Figure 1. — The web browser view of the NCBI Taxonomy at https://www.ncbi.nlm.nih.gov/taxonomy.

Figure 2. — Taxonomy Browser view of the entry for Nematoda, TaxId 6231 ( https://www.ncbi.nlm.nih.gov/datasets/taxonomy/tree/?taxon=6231). The Image has been edited to show the “unclassified Nematoda” taxa.

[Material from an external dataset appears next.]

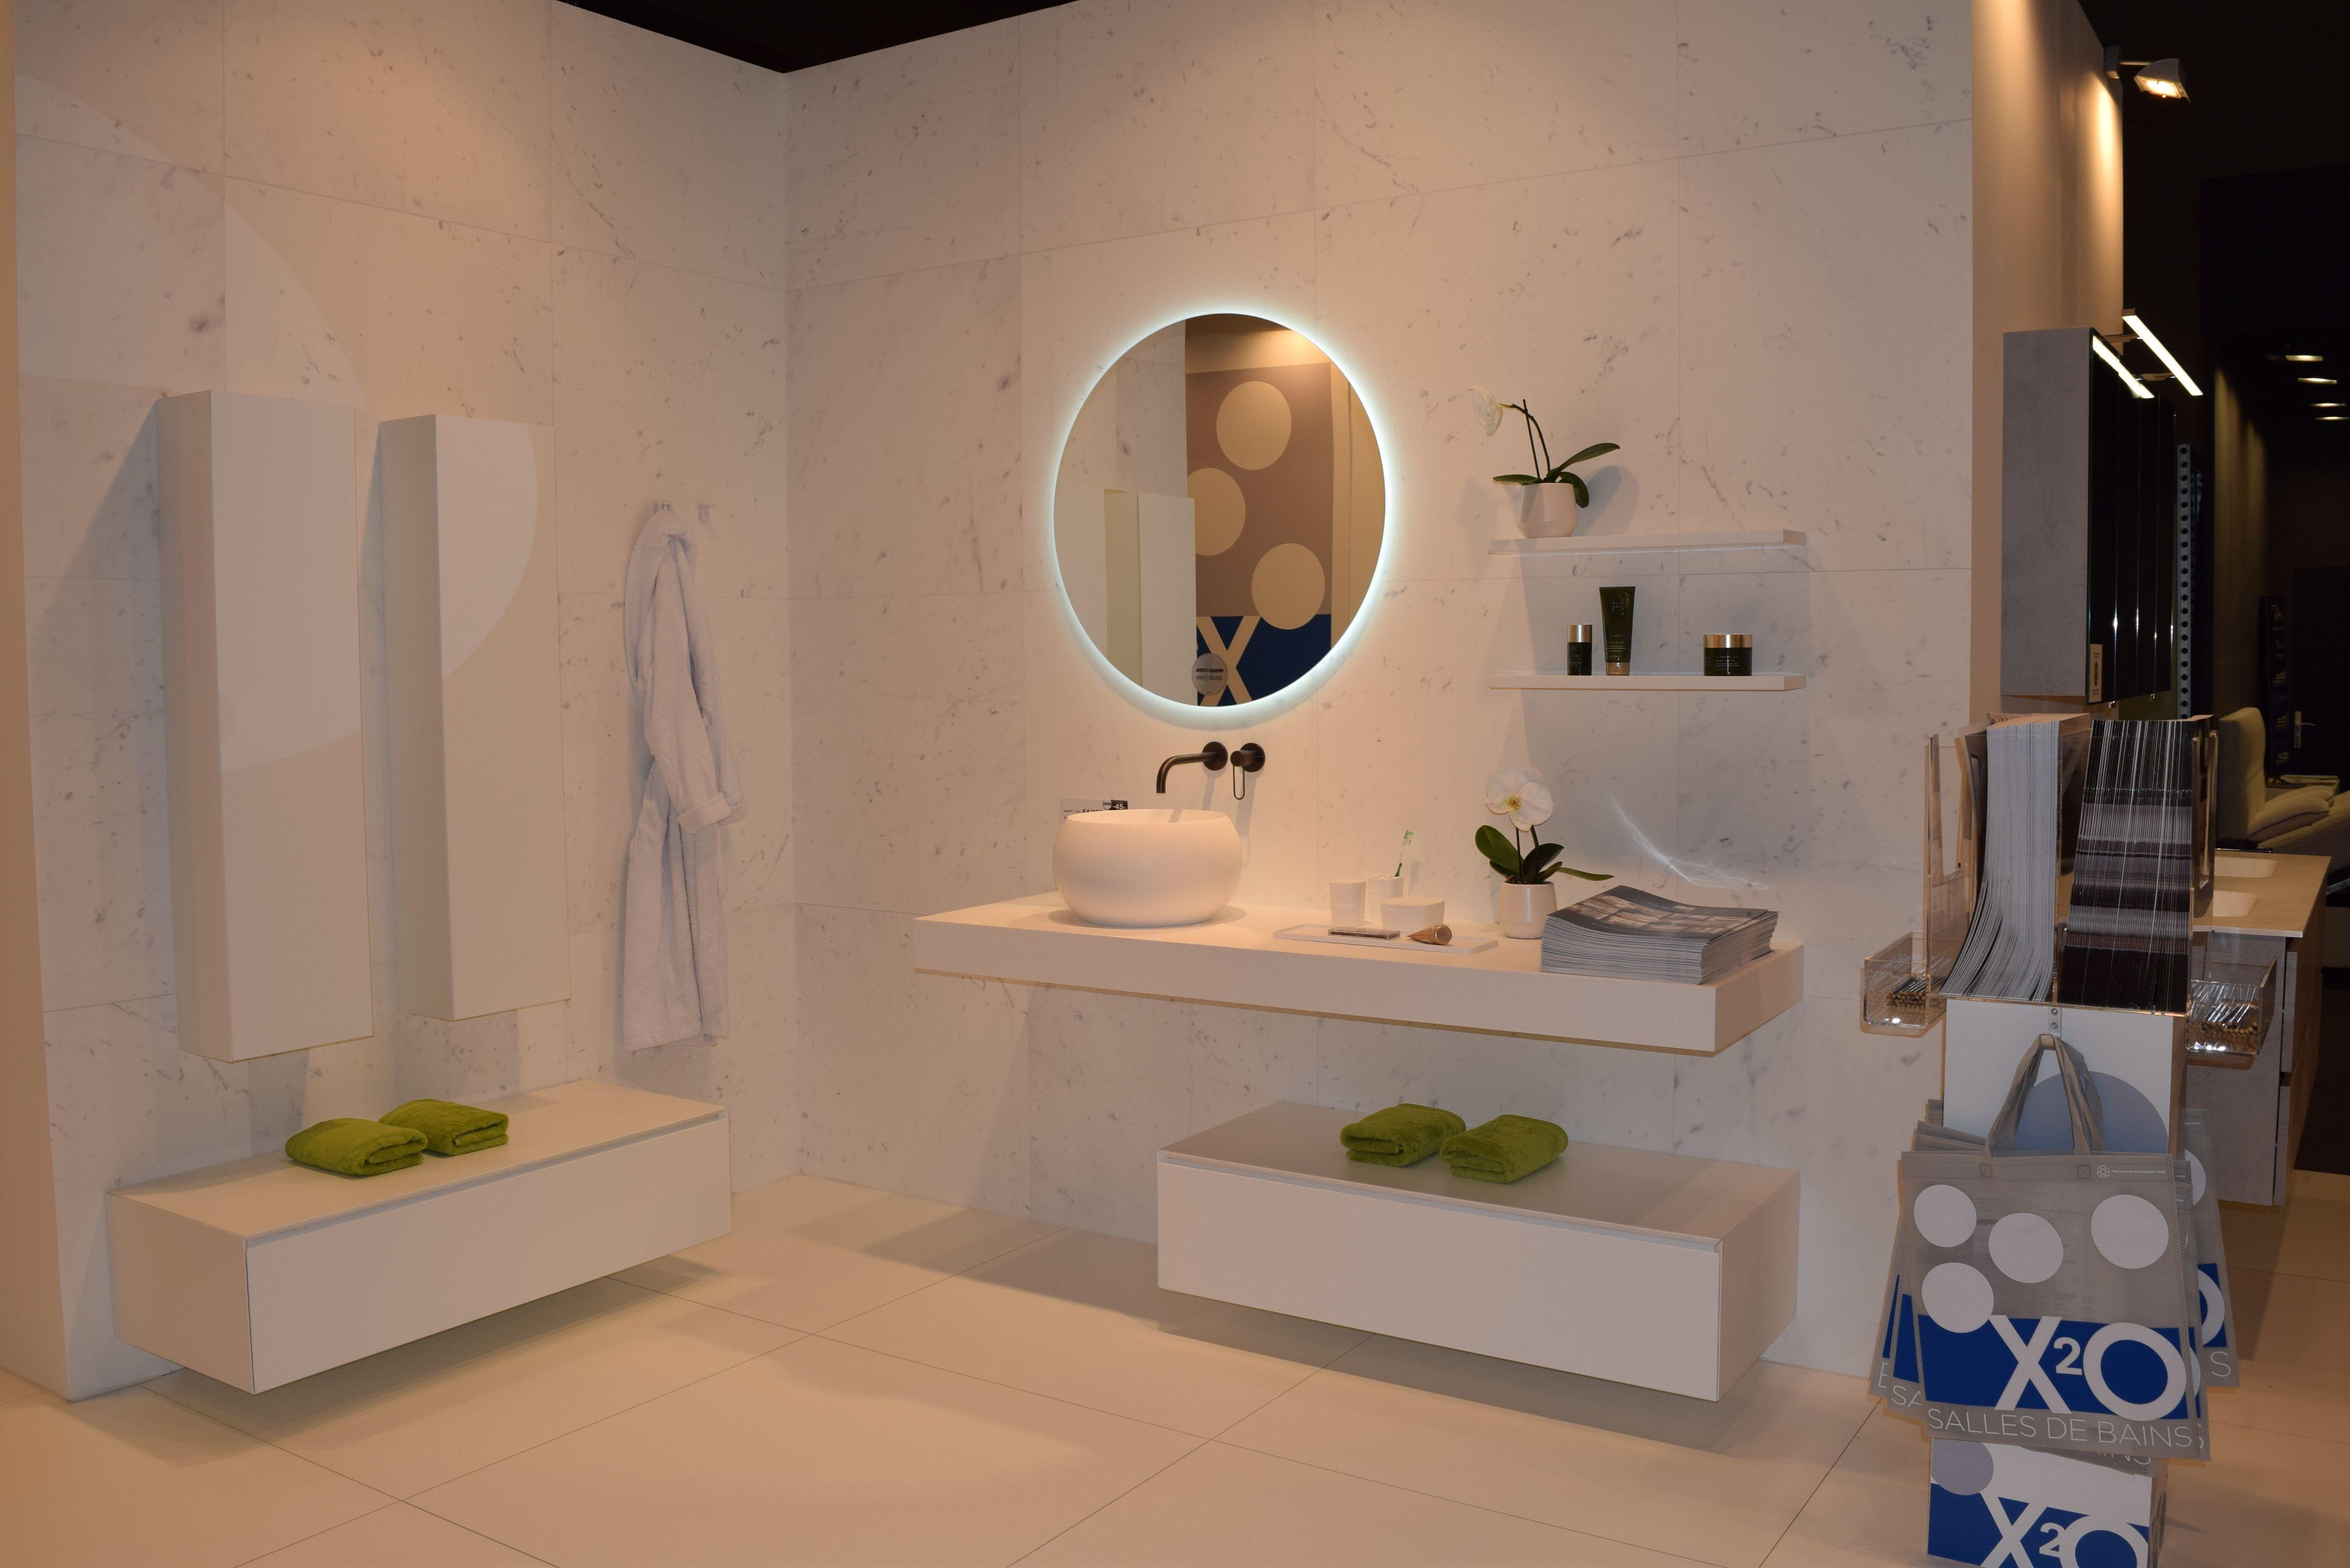 Ronde Spiegel Badkamer : Stijlvolle badkamer met diverse elementen de ronde spiegel met

An “ unclassified” taxon is available in the first level above each of the main branches of cellular life (“ unclassified bacteria”, “unclassified archaea” and “ unclassified eukaryotes”), for cases where there is no identifiable species or above taxon that can be used as a hook on which to hang the data (see Figure 2). Sometimes samples may consist of a macrobiont that is the target of sequencing and one or more microbionts that are mutualist, commensal or parasitic/pathogenic cobionts of the target species. The genomes of these cobionts may inevitably be sequenced and assembled alongside that of the host, target organism. In these cases, the raw data should be submitted under the taxon name and TaxId of the identifiable, species-level taxon of the target organism. The disentangled genomes of the cobionts can be submitted under TaxIds that refer to their individual identities. For example, for a coral sample, raw data and cnidarian host assembly would be submitted under the cnidarian host TaxId, and the symbiotic Symbiodinium algal genome assembly submitted under a Symbiodinium TaxId. The “ environmental samples” taxon found below each main node of cellular life should be used for metagenomic and metabarcoding samples.

The NCBI Taxonomy

The NCBI Taxonomy can be browsed and queried at https://www.ncbi.nlm.nih.gov/taxonomy ( Figure 1). TaxIds are issued for all nodes in the tree, including sub-species and strain levels. The taxonomy is not fully resolved (so there are many polytomies) and is based on the NCBI Taxonomy curators’ best estimates. They are advised by taxonomic experts in different groups but make no promise or assertion that their taxonomy is the best or the correct one – it is “merely” the one used by the INSDC partner databases (DDBJ, ENA and NCBI) to organise their data:

“The NCBI taxonomy database is not an authoritative source for nomenclature or classification – please consult the relevant scientific literature for the most reliable information.”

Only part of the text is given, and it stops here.